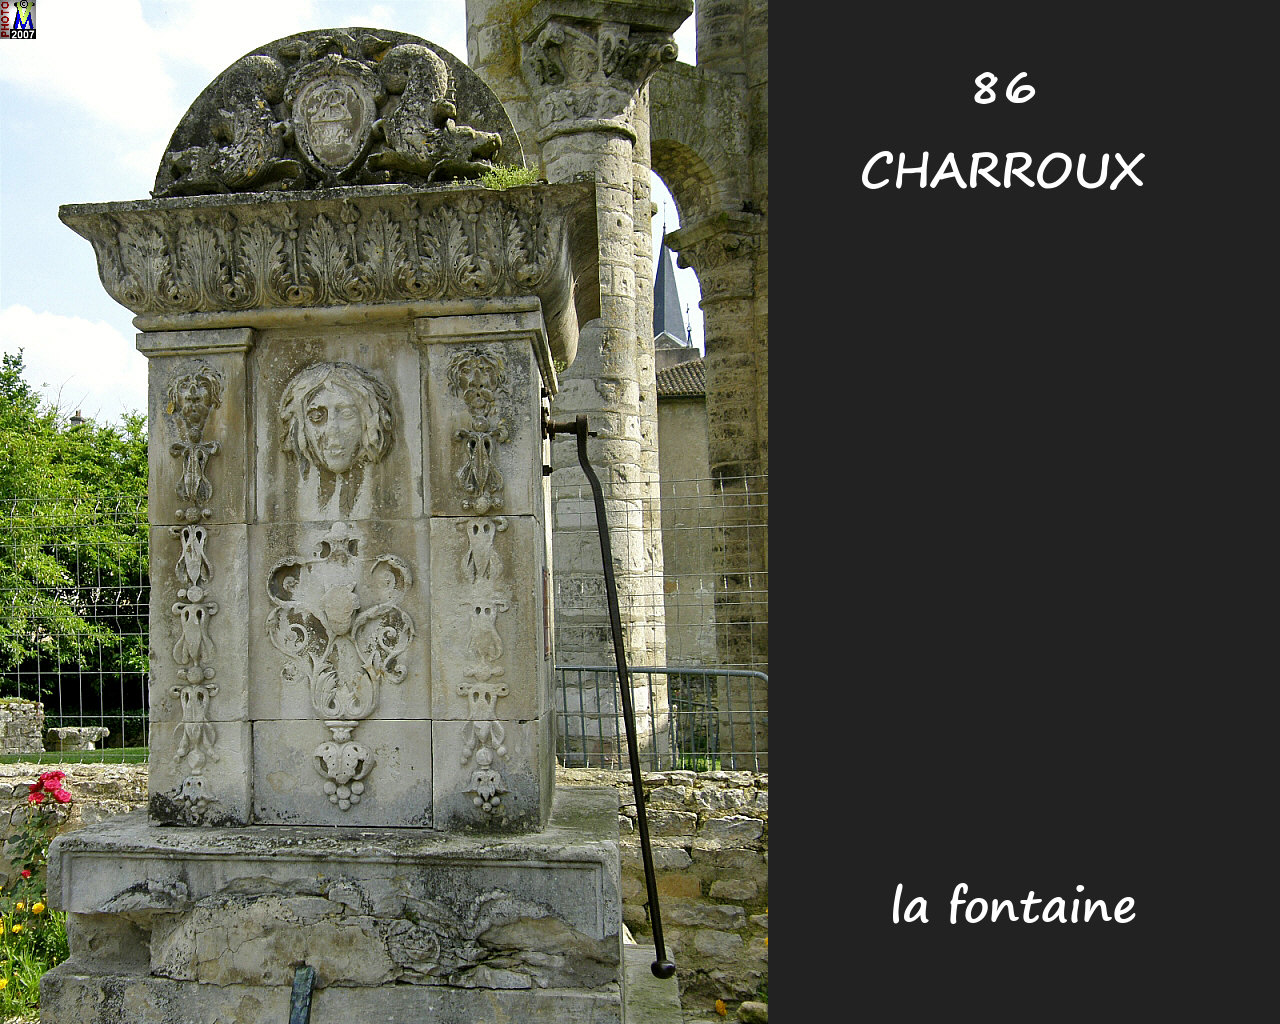 86CHARROUX_fontaine_100.jpg
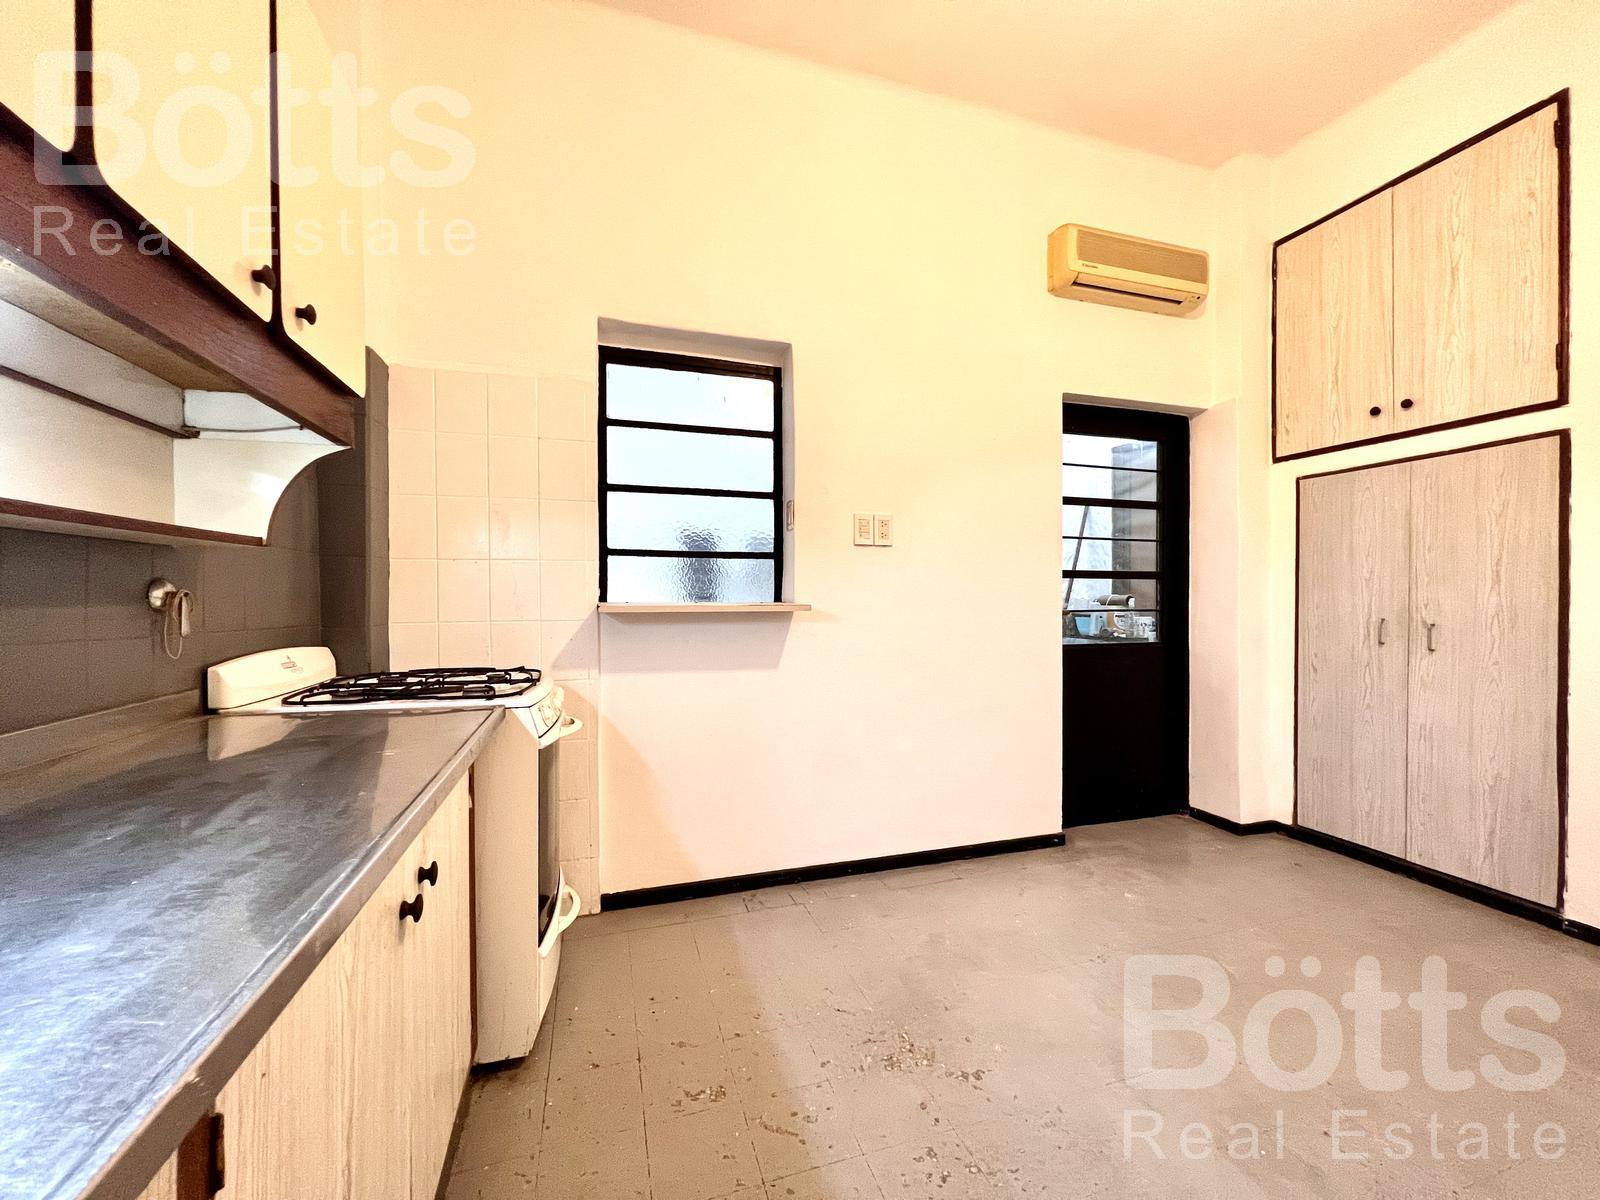 #5068517 | Rental | House | Belgrano (Bötts Real Estate)
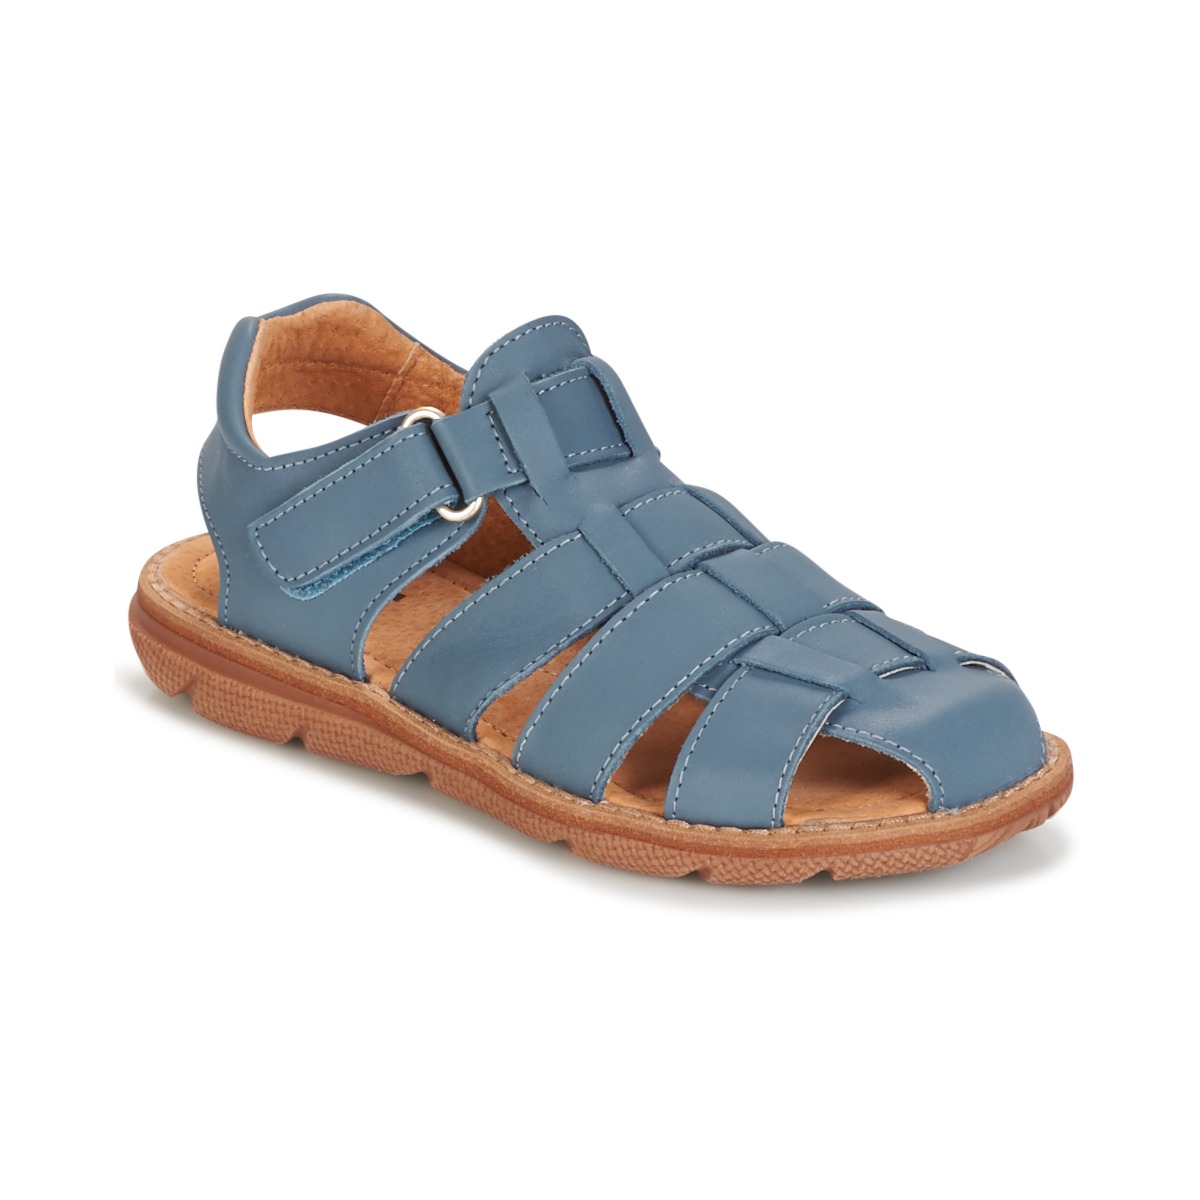 Schuhe Jungen Sandalen / Sandaletten Citrouille et Compagnie GLENO Blau

------------------------------

Pictures aside, transcribe exactly the lines from the line containing "#5068517 | Rental" through the final line of the material above.

 #5068517 | Rental | House | Belgrano (Bötts Real Estate)
 Schuhe Jungen Sandalen / Sandaletten Citrouille et Compagnie GLENO Blau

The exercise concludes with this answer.